Birdwatching is a rewarding and accessible hobby that is great for nature enthusiasts of all ages and abilities. Despite being a lifelong nature enthusiast, I had never taken to bird watching until about four years ago. Now, it’s an almost daily hobby as I can’t help but look out for birds as I go about my day. The Virginia society of Ornithology recognizes 487 different bird species in the state, meaning there’s a lot you can see without traveling far! Throughout the Willowsford community, the conservancy manages over 2000 acres of land that provides prime habitat for dozens of bird species. From raptors to songbirds, to waterfowl and woodpeckers, you’ll be able to spot them here.
While not necessary, a good pair of binoculars and a field guide for birds in your region are useful tools to invest in. These will help you identify and observe birds much more effectively. There’s also a number of great free apps for your smartphone that can be useful, like Merlin Bird ID by CornellLab which has a number of easy to use features for identifying and tracking your bird sightings.
Once you’ve got your tools down, it’s time to find some birds! Birds are everywhere, which is what makes birding a great hobby. While you may find yourself itching to go to far off destinations to spot elusive birds, you can also find enormous diversity of birds in your very own backyard. Want to attract more birds to your yard? Consider adding bird friendly features to your backyard like native plants, a water source, bird houses, or a bird feeder. As you grow your skills and want to expand your bird sightings, consider familiarizing yourself with birding hotspots like parks, nature reserves, or wetlands.

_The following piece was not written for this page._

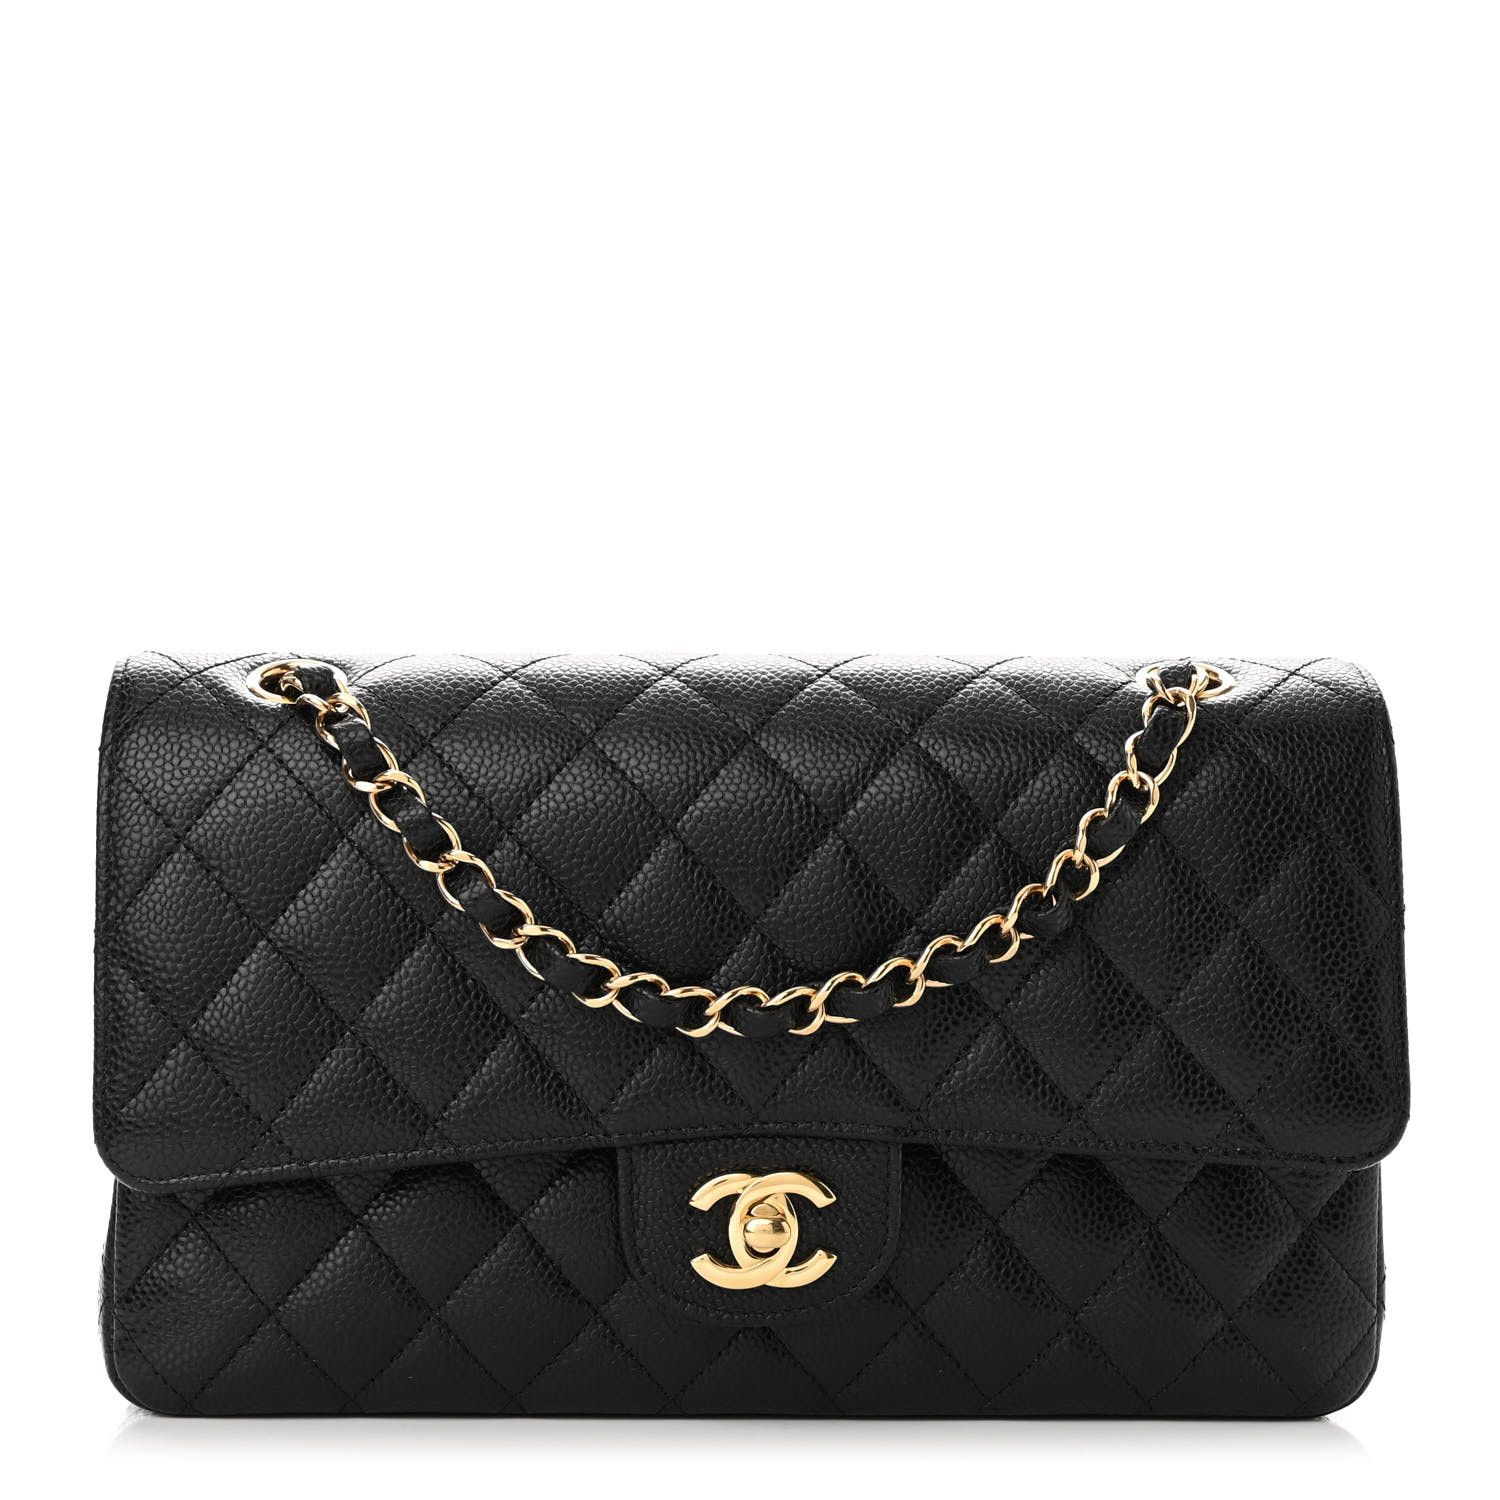 Caviar Quilted Medium Double Flap Black | FASHIONPHILE (US)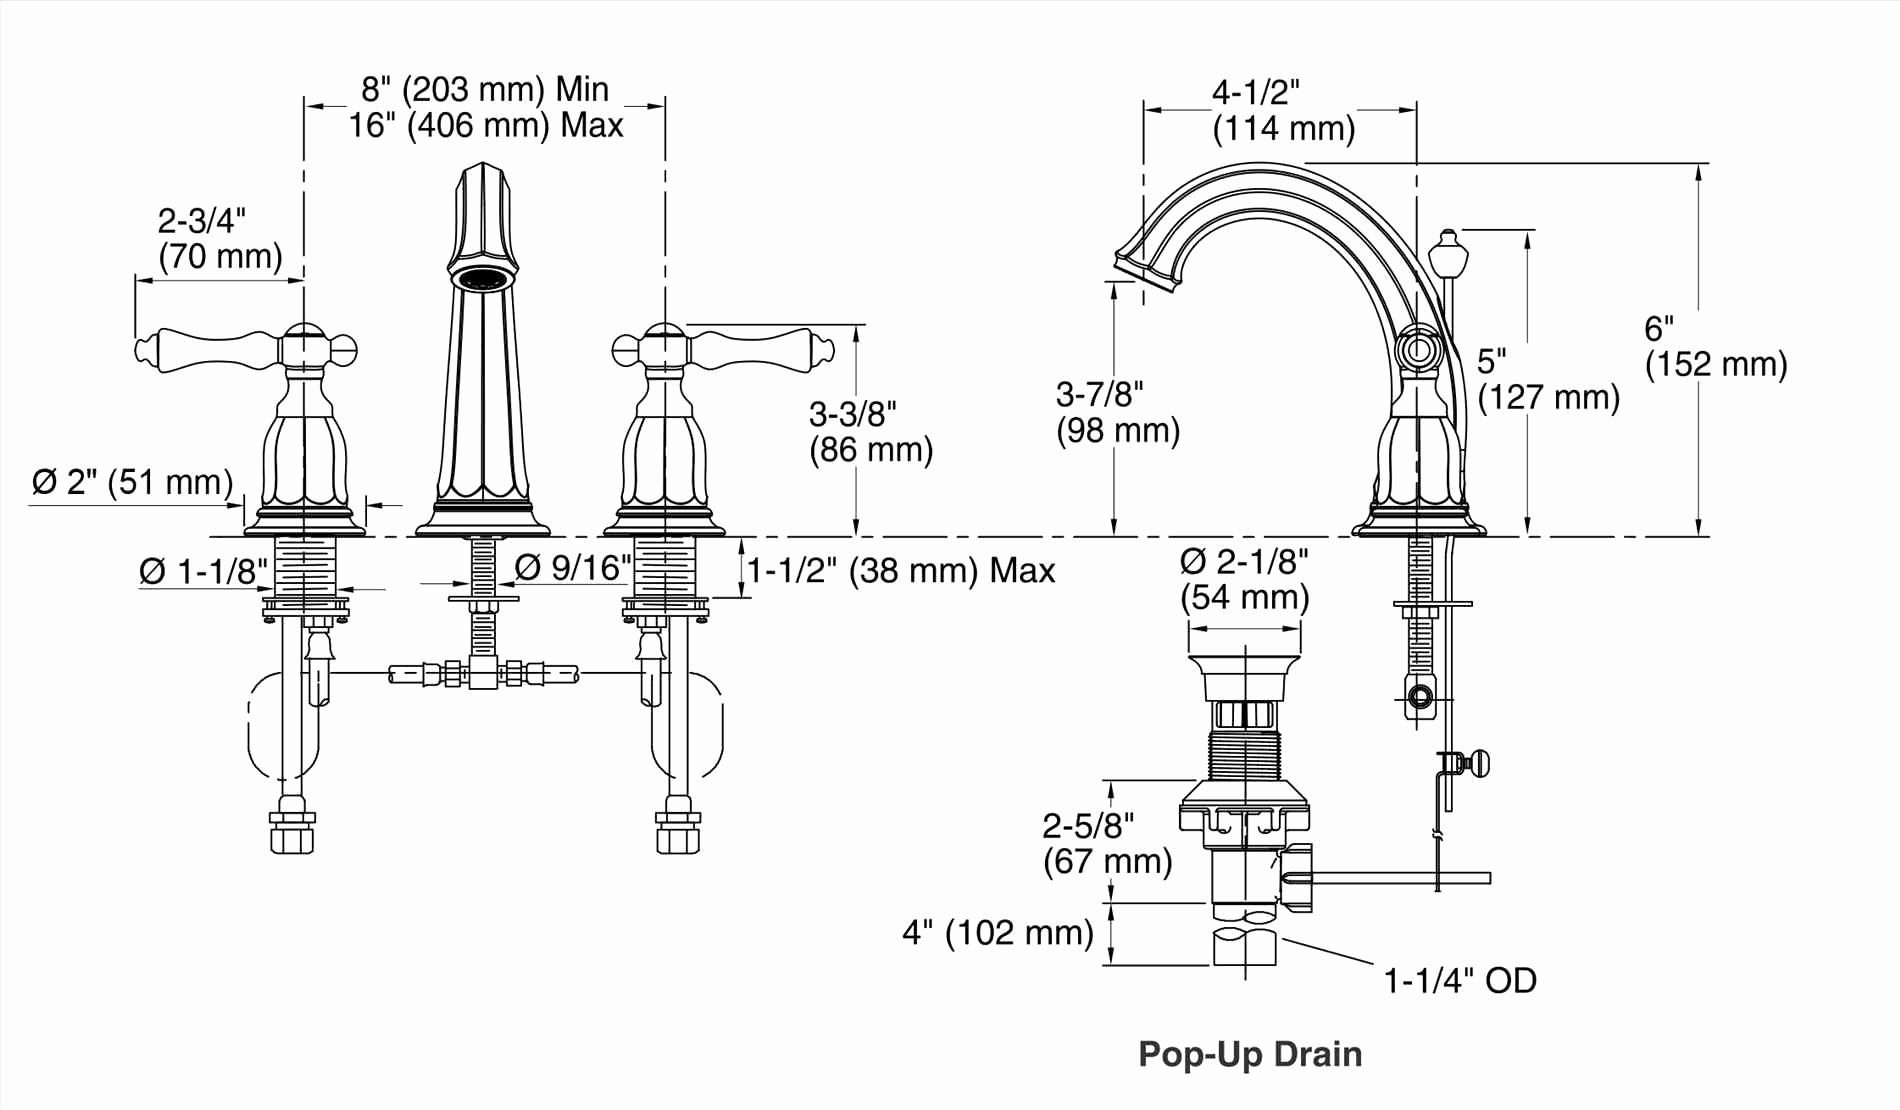 Grohe Faucet Parts Diagram 15 Awesome Grohe Kitchen Sink Faucet Replacement Parts Pics Of Grohe Faucet Parts Diagram

Joining local bird watching groups or online communities can also be useful to learn more or get insight into the best spots for birdwatching. (Seriously, a birdwatching Facebook group was once able to point me to an area where a rare yellow cardinal was located, a literal one-in-a-million sighting!). Consider also participating in citizen science projects, such as bird counts and other habitat monitoring initiatives, to contribute to scientific research and conservation efforts in your area.
Now that you’ve got the basics you need to ID and find birds, be sure to take time to appreciate the meditative and peaceful nature of bird watching. Pay attention to the distinct calls of birds and take time to observe bird behaviors. Before long, you’ll find yourself entrenched in the captivating world of birdwatching and will be keeping an eye on the skies everywhere you go!